I managed to find these after a bit of googling - the commentary is mostly from Jim Shelley's Mirror column.

"I REALLY love ducks - they've always got a smile on their face."

"YOU'RE just humming with sexual energy! Is it the fabric? Is it wearing tights?"

- Richard Madeley to transvestite artist Grayson Perry

"WILL the gentleman with 1 nipple please reveal it?"

- Richard Madeley (Richard & Judy) Jan 31st 2006

THE unique, bizarre vocal intonation, the long, bewildering thought processes none of us can follow... God knows what Stephen Hawking made of Richard Madeley.

Their meeting of minds was fun though.

"Asking what the universe was like before the big bang," Hawking admonished, "is like asking what is north of the North Pole. It is a meaningless question."

You bitch! Madeley remained in grown-up interviewer mode though.

When Hawking scientifically rubbished the concept of an afterlife, Madeley nodded sagely then turned to Judy and beaming, "I was hoping for a yes!"

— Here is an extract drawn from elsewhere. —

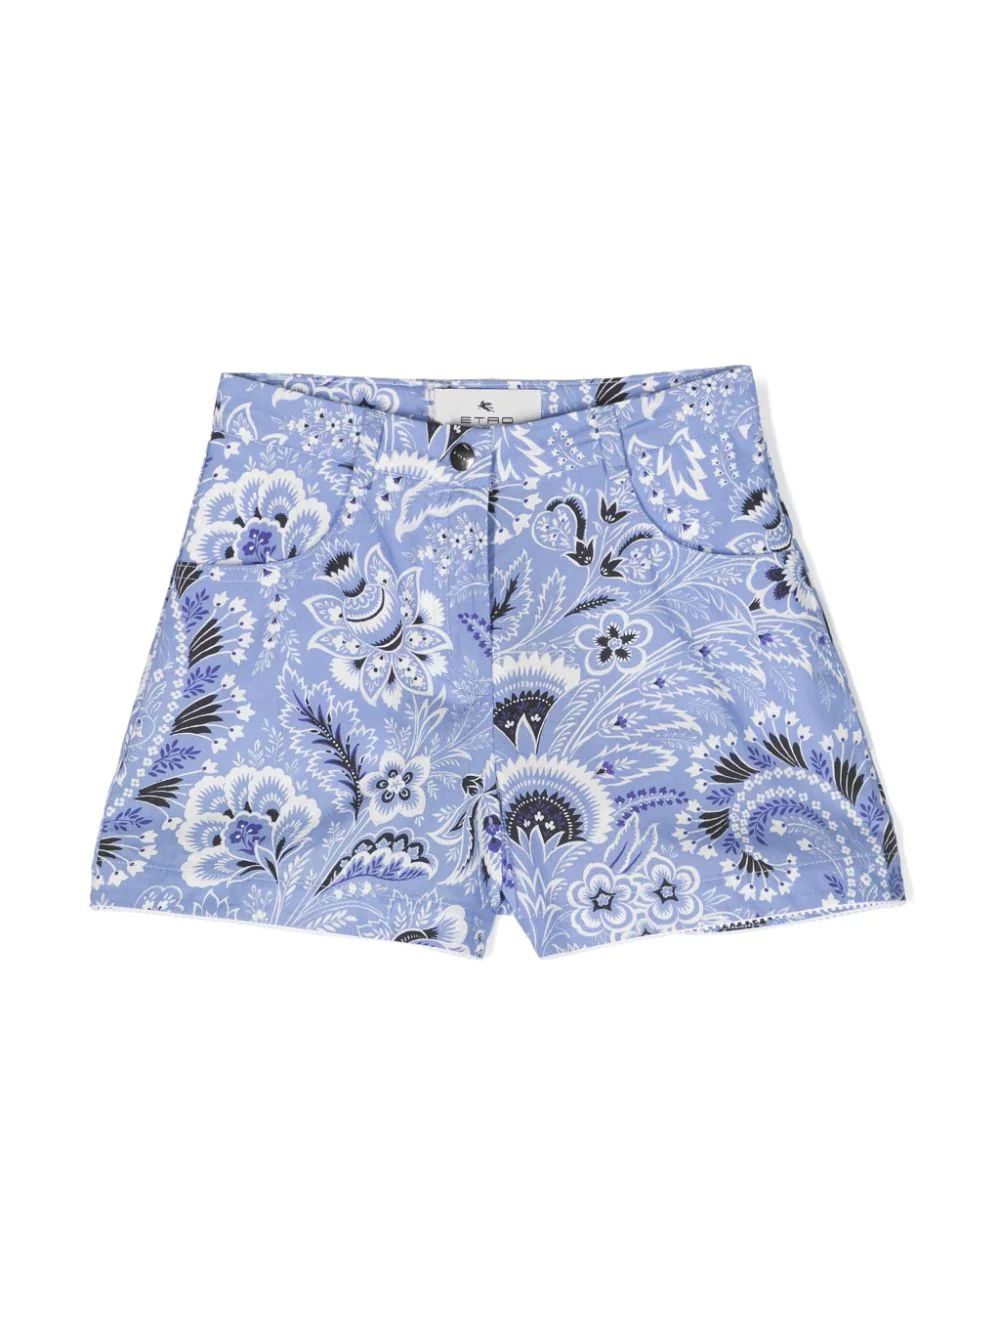 The DetailsETRO KIDSpaisley-print cotton shortsMade in ItalyHighlightslight blue cotton paisley p... | Farfetch Global

Confirming that only he could be impressed by Jade's intelligence, Richard exclaims: "I've never met anyone who thought Sherlock Holmes invented the toilet." Later he tels her: "You're quite sharp. It's just that in the pure sense of the word, you're ignorant."

"That particular octopus committed suicide, didn't he? He stabbed himself with his own beak."

- Richard Madeley (The Richard & Judy Show)

"Next time you go for a country walk," he exclaimed excitedly, "give a cow a cuddle. It's the new cure for stress!" He confounded Sex Pistol John Lydon with the musing: "If I could throw a fishing rod into the corridors of time and reel you in, you'd throttle you, wouldn't you?" (Eh?)

Finally, he asked: "What do YOU make of the call to make a smack on your naughty child's botty a criminal offence? I'd got down for it. I ask this openly: should I have been arrested?"

(ultra-partridge) Richard Madeley reacting to a trick by mind reader Derren Brown exclaiming: "Can we have a wooden stake, some petroleum and a rope? Because we are burning you at the end of the show!"

During a "debate" about the Sarah Payne case, Richard asking, "Do you think it's time we took a radical approach to dealing with paedophiles, as opposed to fiddling with the edges?"

MADDEST moment of the week on Richard & Judy: When one of Westlife revealed he'd had laser surgery and Richard leapt to his feet and tried forcing open his eyes "looking for scars".

Make it stop.

Richard discussed Jo Brand's early career as a bell-ringer ("you know that really bad comedy moment, when the bell-ringer takes off into the air... is that really possible?") and, after some deliberation, polished off a plate of squirrel.

Alan Partridge-ism of the week came when, having watched a clip of a man struggling horribly with his stutter, Madeley turned to him and enthused: "You looked as if your head was going to come off!"

Then Richard interviewed Bernadette Hughes, who was abandoned by her mother as a child.

"You were found on the doorstep of a church," Madeley mused rather romantically. "Were you in a little basket?"

"No," she pointed out. "I was naked, with the umbilical cord and afterbirth still attached, wrapped in a pile of newspapers and left on the doorstep."

At the age of 20, Hughes traced her mother.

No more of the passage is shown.